INSTRUCTIONS TO FOLLOW - Below is a listing with pictures. Repeat exactly the lines starting at the one holding "All 96 Fintech" and going on through the one holding "Teenage boy jus", and leave every picture out.

RECORDS FOR PROCESSING -
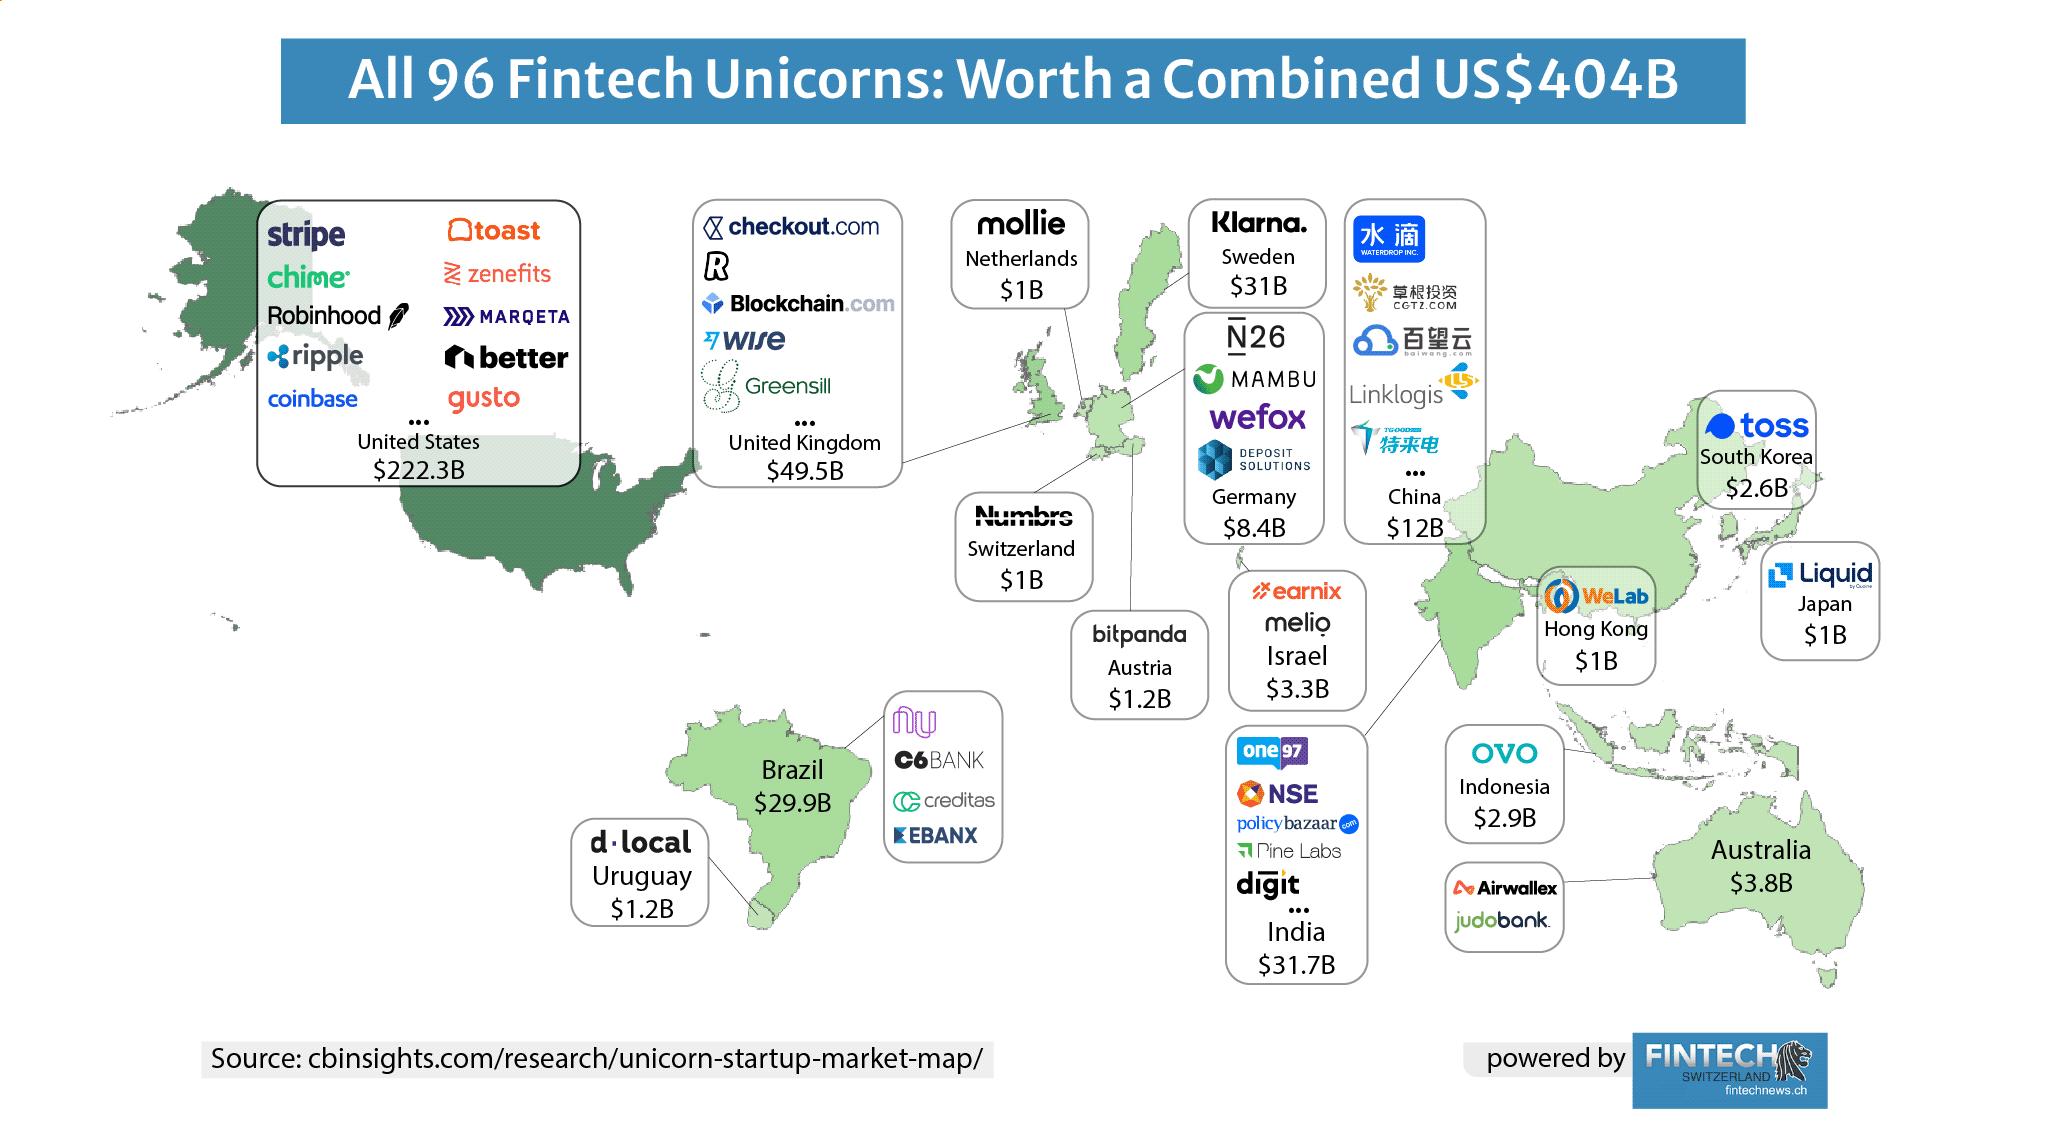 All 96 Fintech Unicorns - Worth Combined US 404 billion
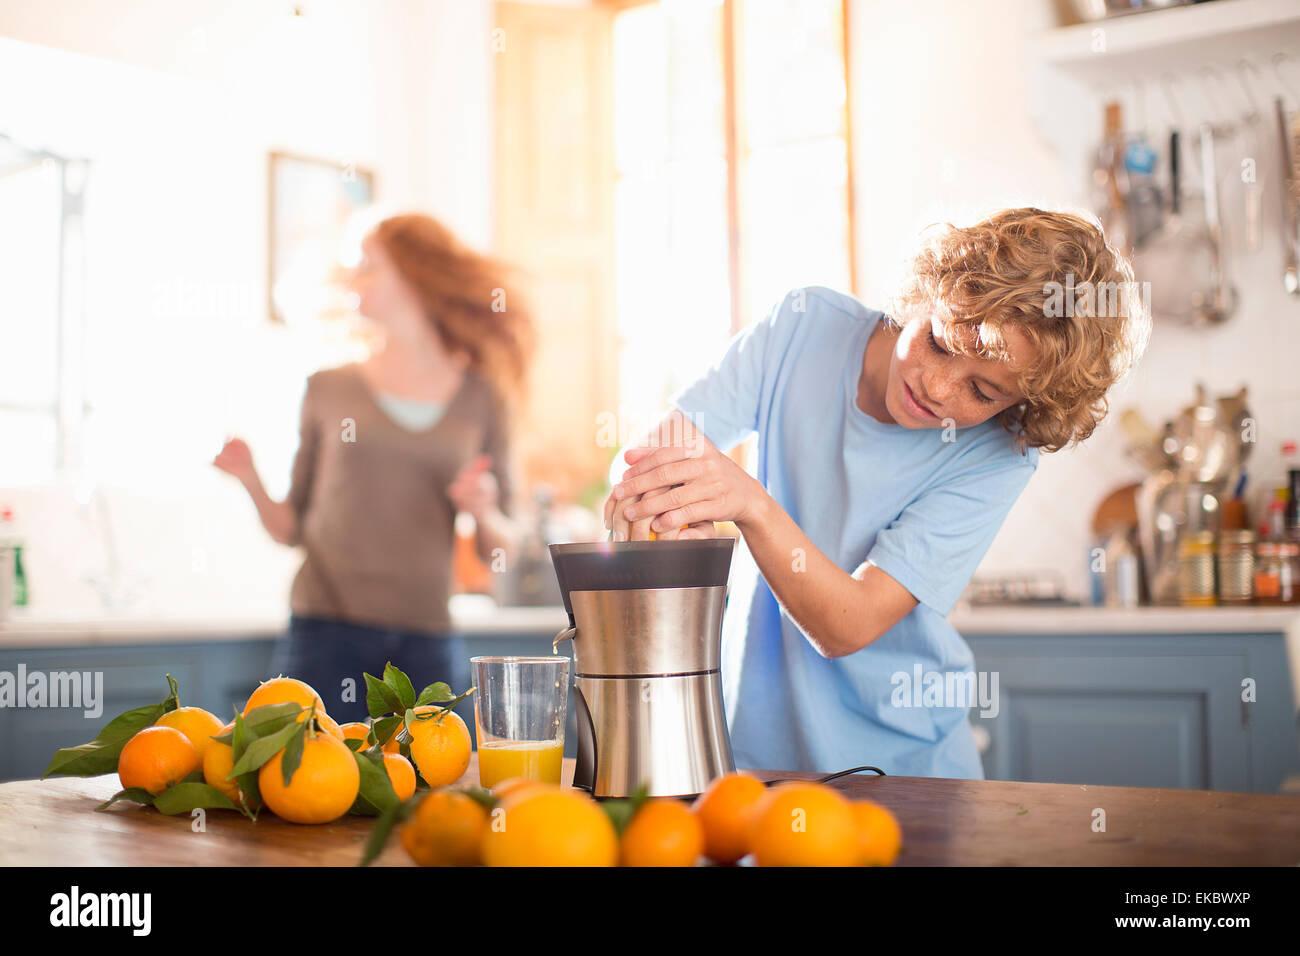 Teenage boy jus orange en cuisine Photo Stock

...

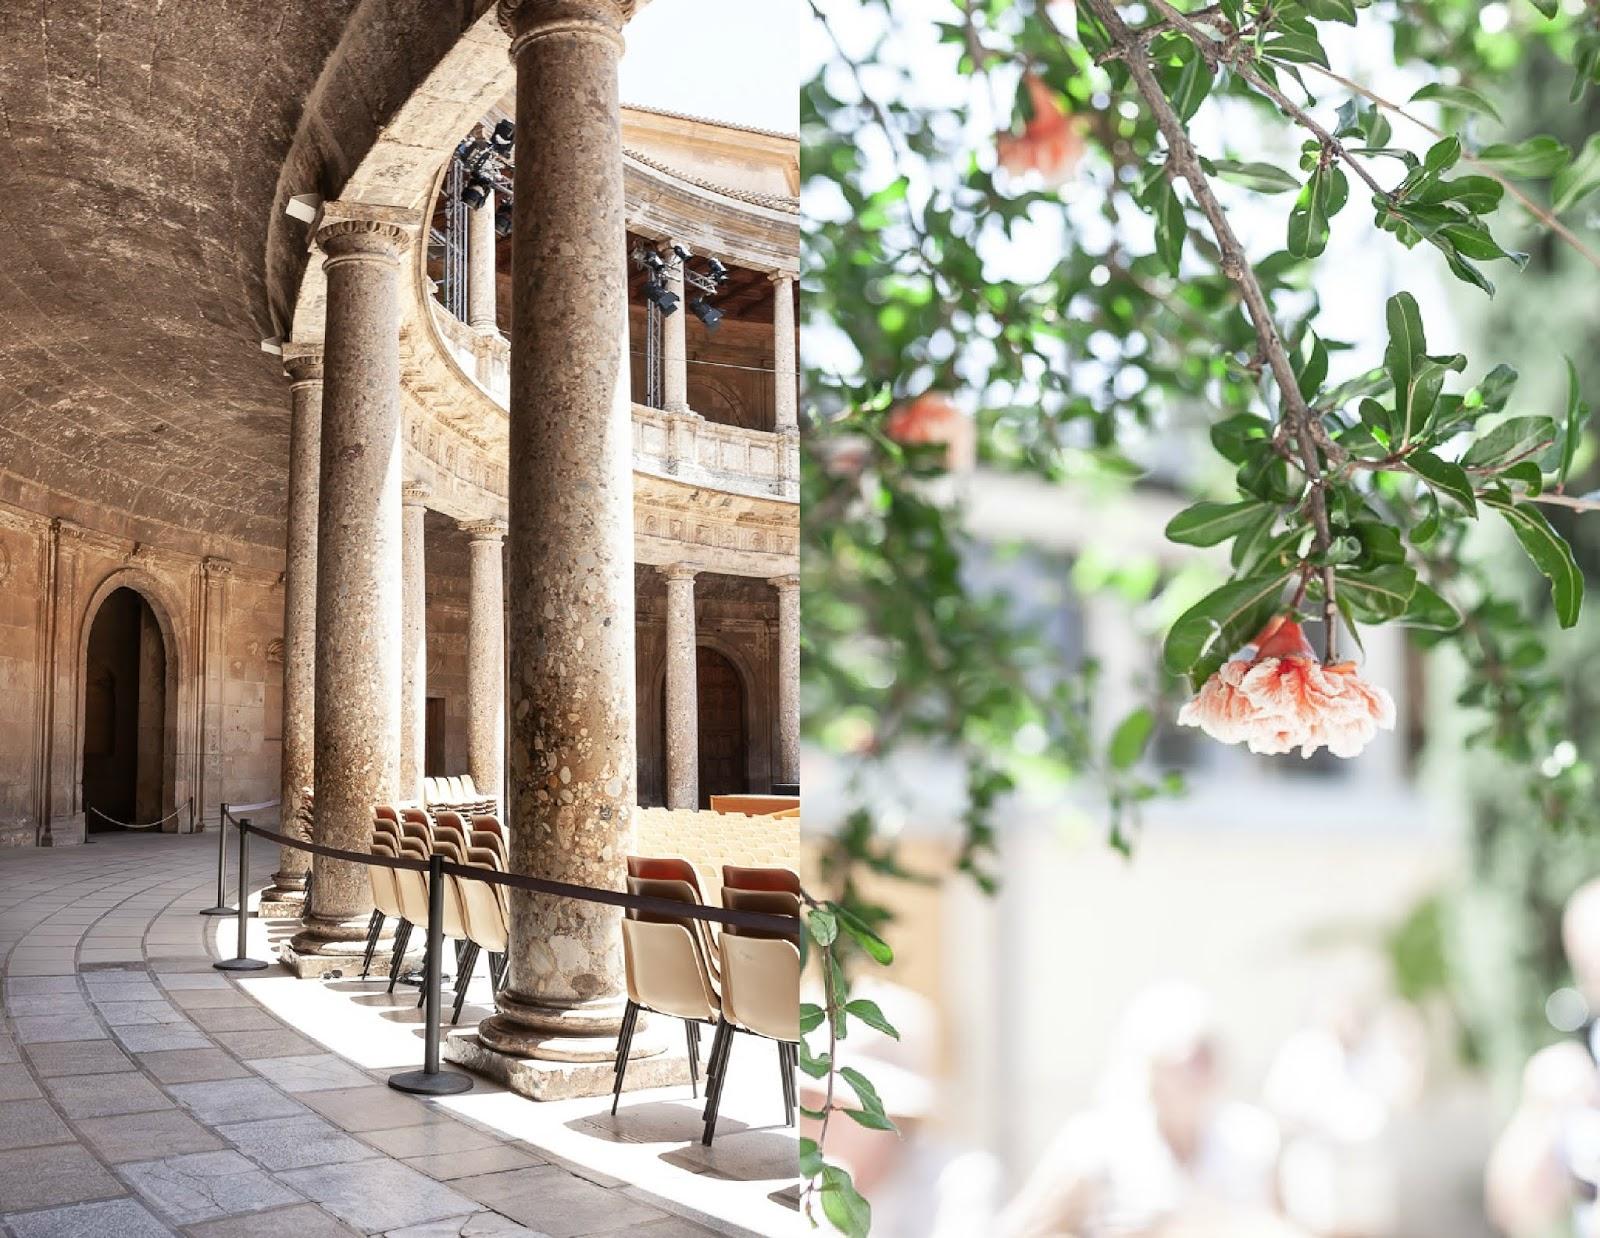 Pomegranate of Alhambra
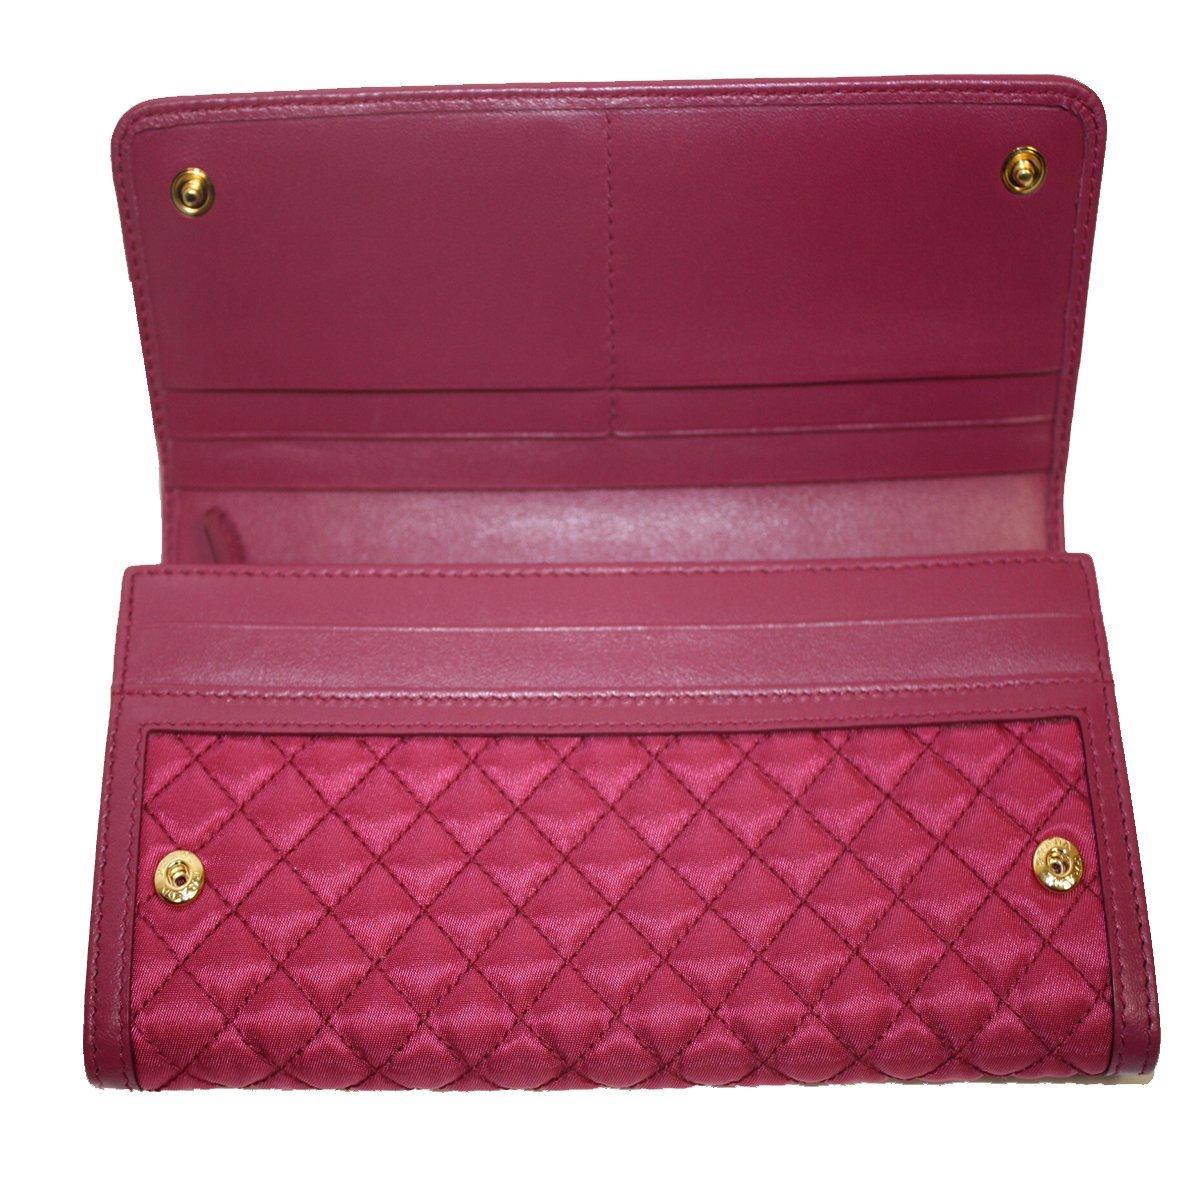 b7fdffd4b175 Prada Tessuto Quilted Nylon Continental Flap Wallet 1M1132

---

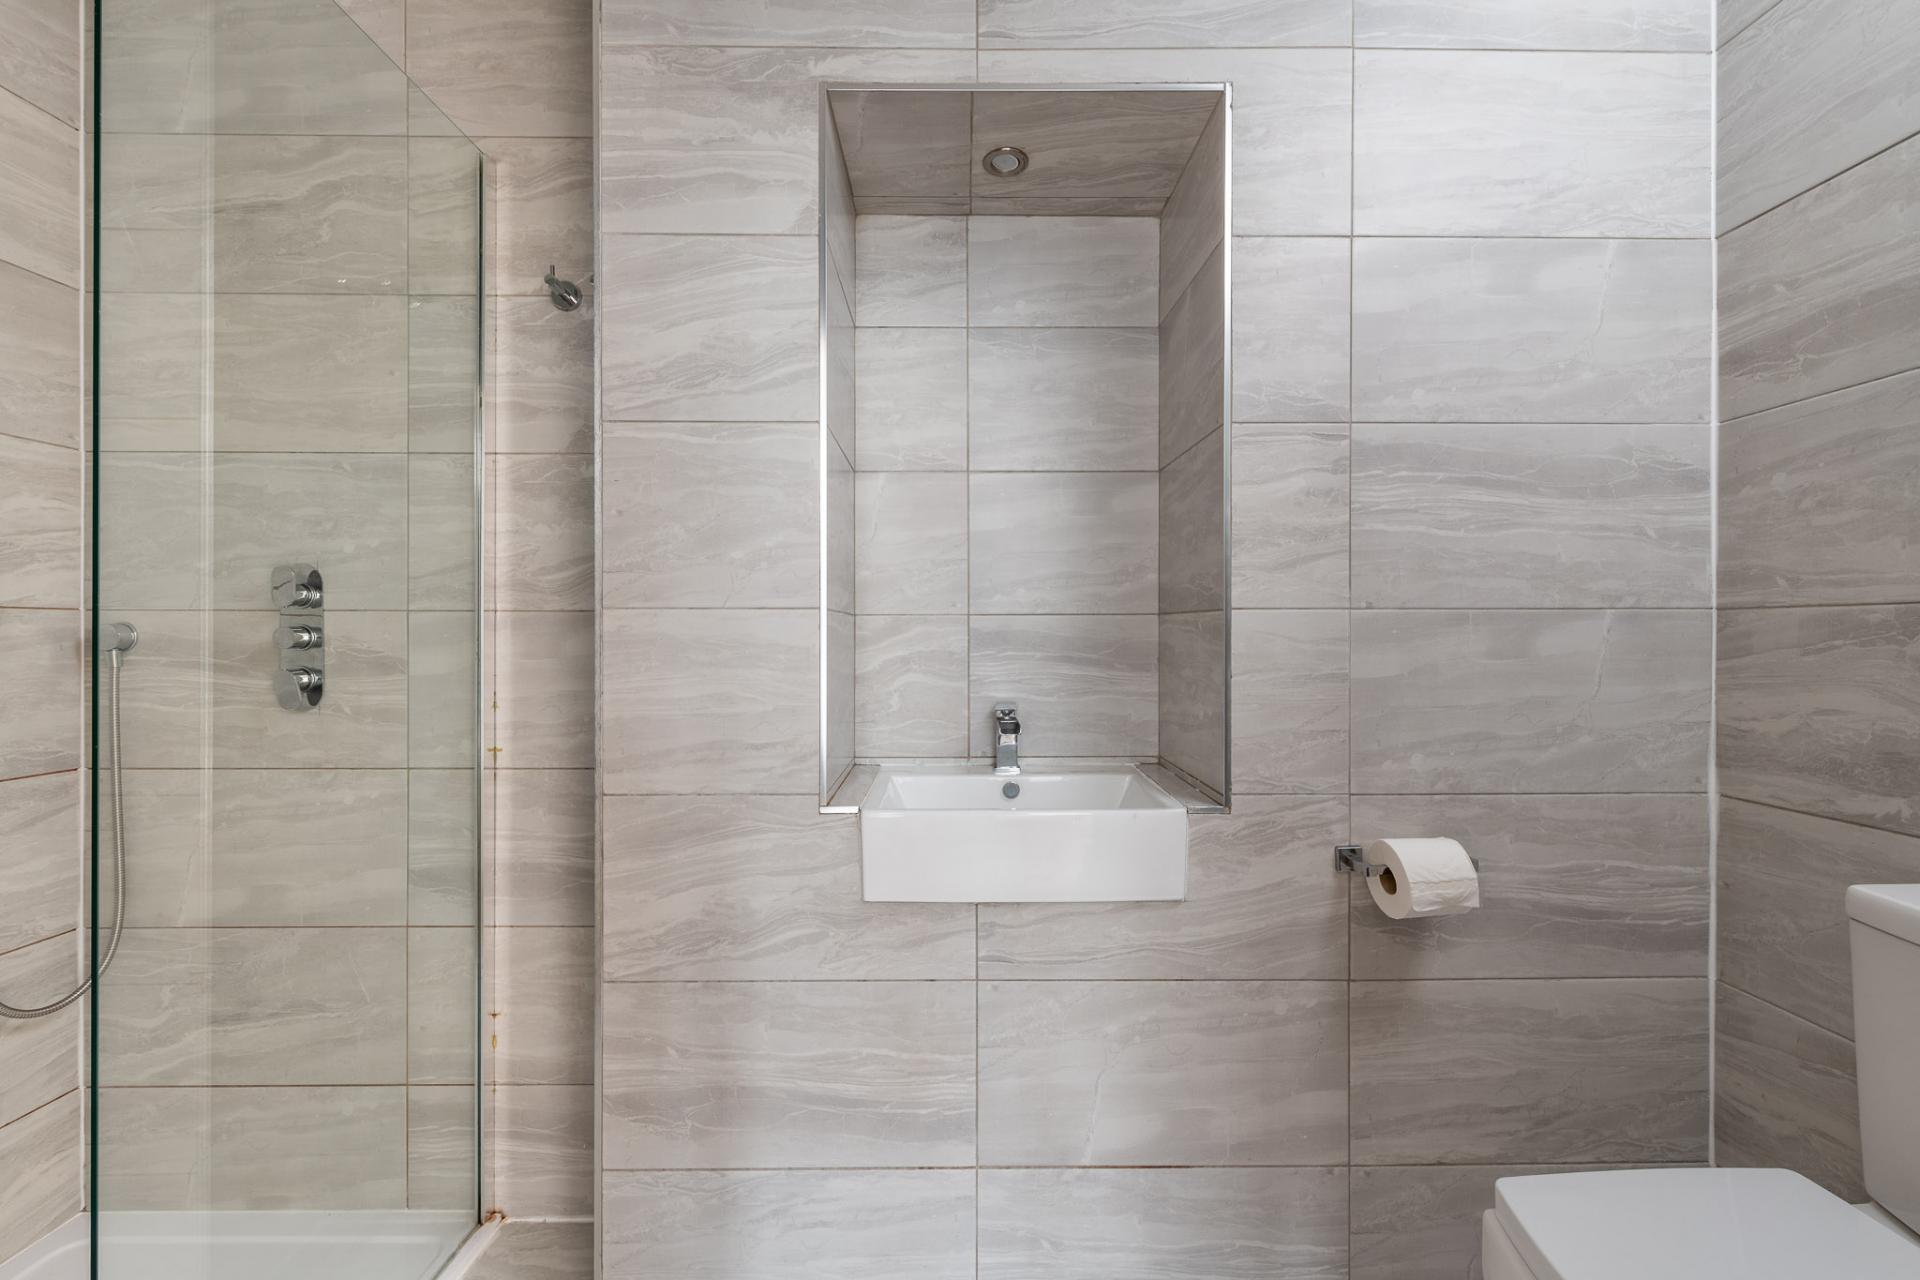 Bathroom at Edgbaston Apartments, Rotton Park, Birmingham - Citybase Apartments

RESPONSE BELOW -
 All 96 Fintech Unicorns - Worth Combined US 404 billion
 Teenage boy jus orange en cuisine Photo Stock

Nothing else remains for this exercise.